The first is the purpose of discovery, which drives innovation and technological breakthroughs. IBM, Sony and Intel have thrived because of their quest for discovery. “A technical lead,” Mourkogiannis says, “can create a near monopoly, which generates high profits, and which in turn pays . . . to maintain the lead.”

The second kind of purpose is excellence, inspiring leaders and companies to offer the best products and service possible, such as Berkshire Hathaway, Apple and BMW. In Warren Buffet’s case at Berkshire Hathaway, excellence is manifest in the commitment to invest every penny of shareholders’ money as if it were his own. With Steve Jobs and Apple, the purpose is to provide peerless ease of access to network-based services via iMac, iPod and now iPhone.
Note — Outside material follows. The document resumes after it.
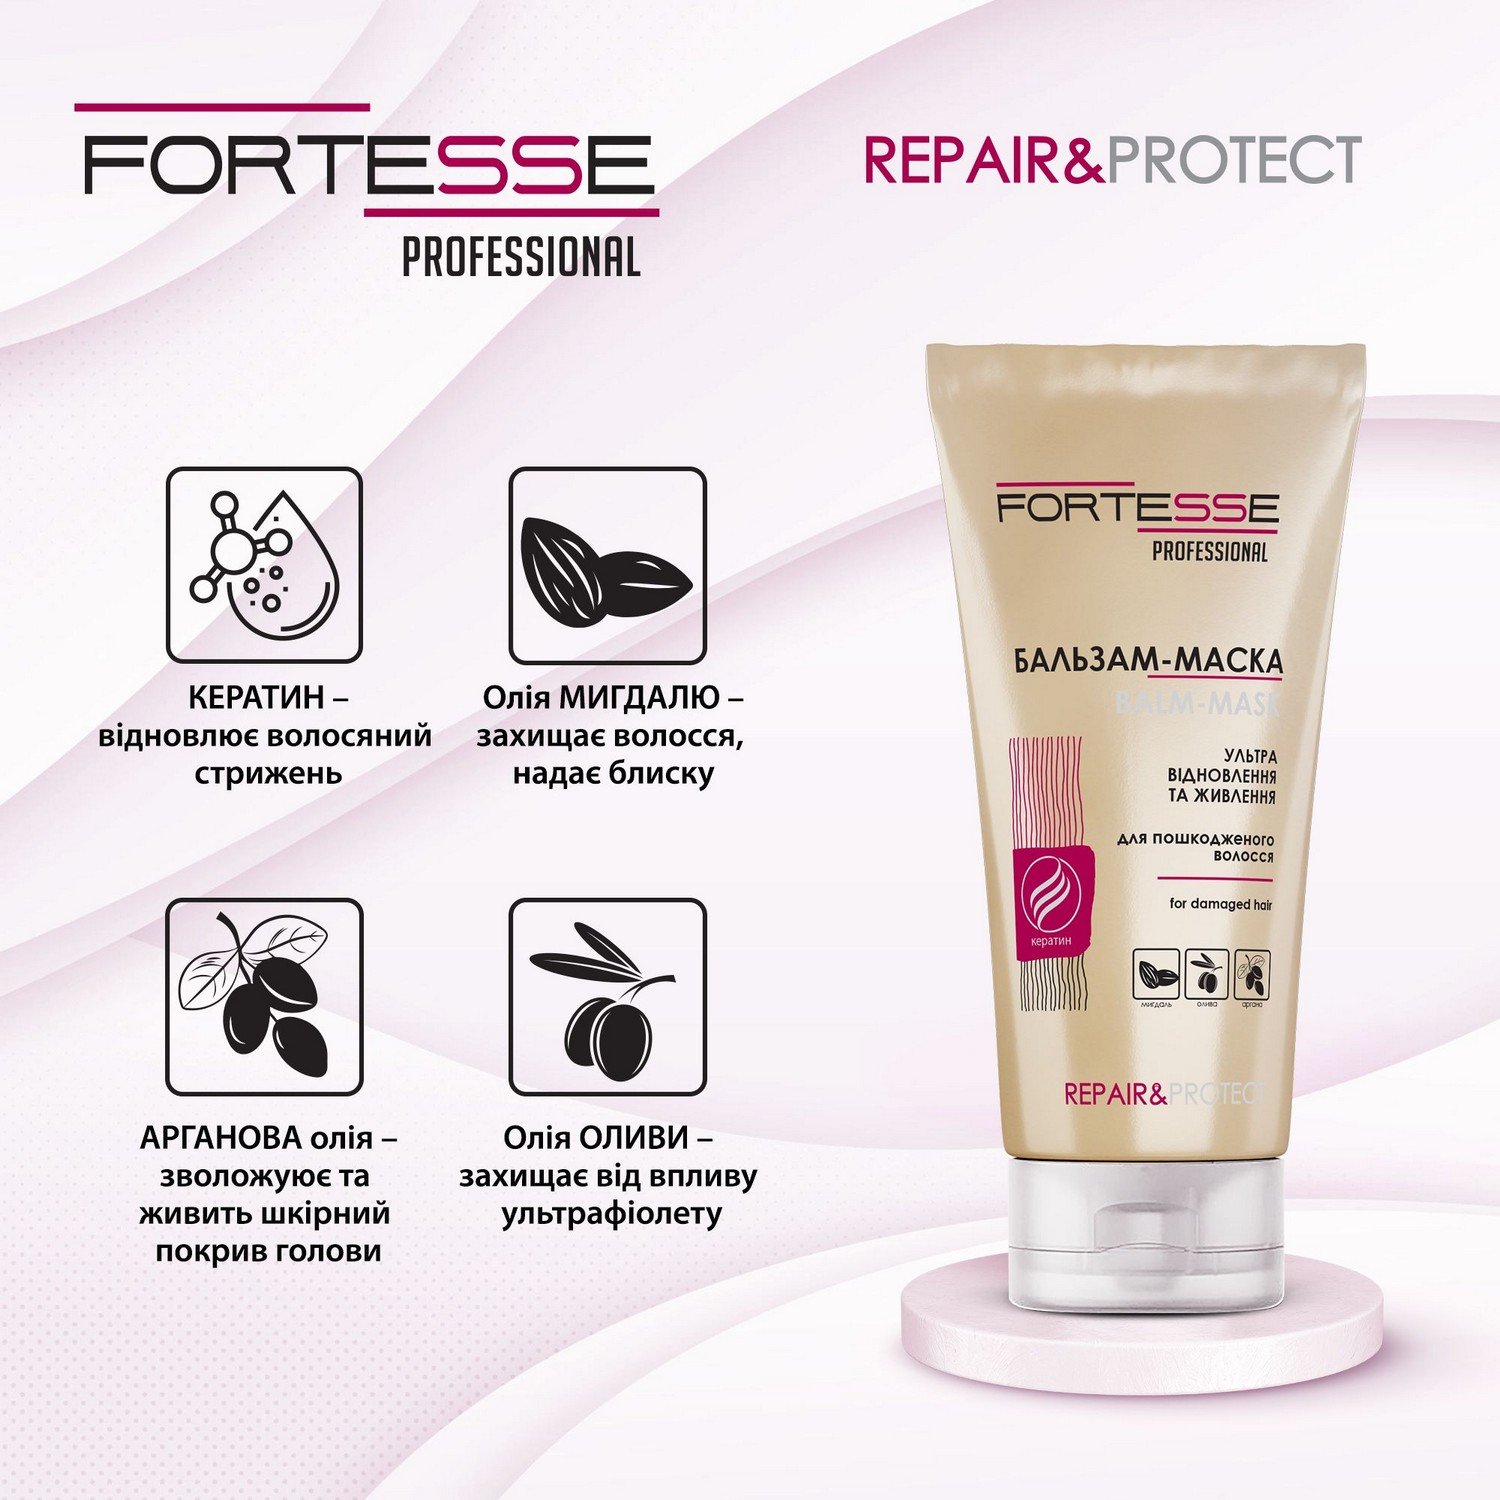 Восстанавливающая бальзам-маска Fortesse Professional Repair&Protect для сухих, поврежденных волос, нуждающихся в питании, 200 мл - фото 3

Third is the purpose of altruism, or a wish to be genuinely helpful to customers, as with Wal-Mart, Marriott and Body Shop. But here is where the author’s arguments start to slip. While we are told that Sam Walton was driven by a burning desire to offer customers the lowest prices, that hardly seems altruistic, especially in the light of the myriad complaints by citizens of US towns whose high streets have been wrecked by Wal-Mart’s predatory pricing.

Still, just about so far so good. It’s Mourkogiannis’s fourth category, heroism, that appears startling and ill-defined. He cites Ford, Microsoft and ExxonMobil as championed by heroic leaders. Given Ford’s decline in the face of Japanese competitors that build better cars, and the lawsuits levelled at Microsoft and ExxonMobil for everything from unfair competition to environmental damage, these seem poor examples of heroism.

The author also tends to ramble misguidedly into the realm of philosophy in digressions that simply look pretentious.

Still, the book is rarely dull and makes some re­freshing points about the value of integrity and having a genuine vision of one’s business. And it offers practical guidelines on how senior executives can identify and promote a sense of purpose.

While a clear purpose defines most successful start-ups, it is harder to introduce to older companies that have been adrift for years. In order for business leaders to identify a purpose, says the author, it is crucial “to feel as deeply as you think – if you are uncomfortable with feelings or hostile to information you get from your gut, purpose is going to be a problem for you”.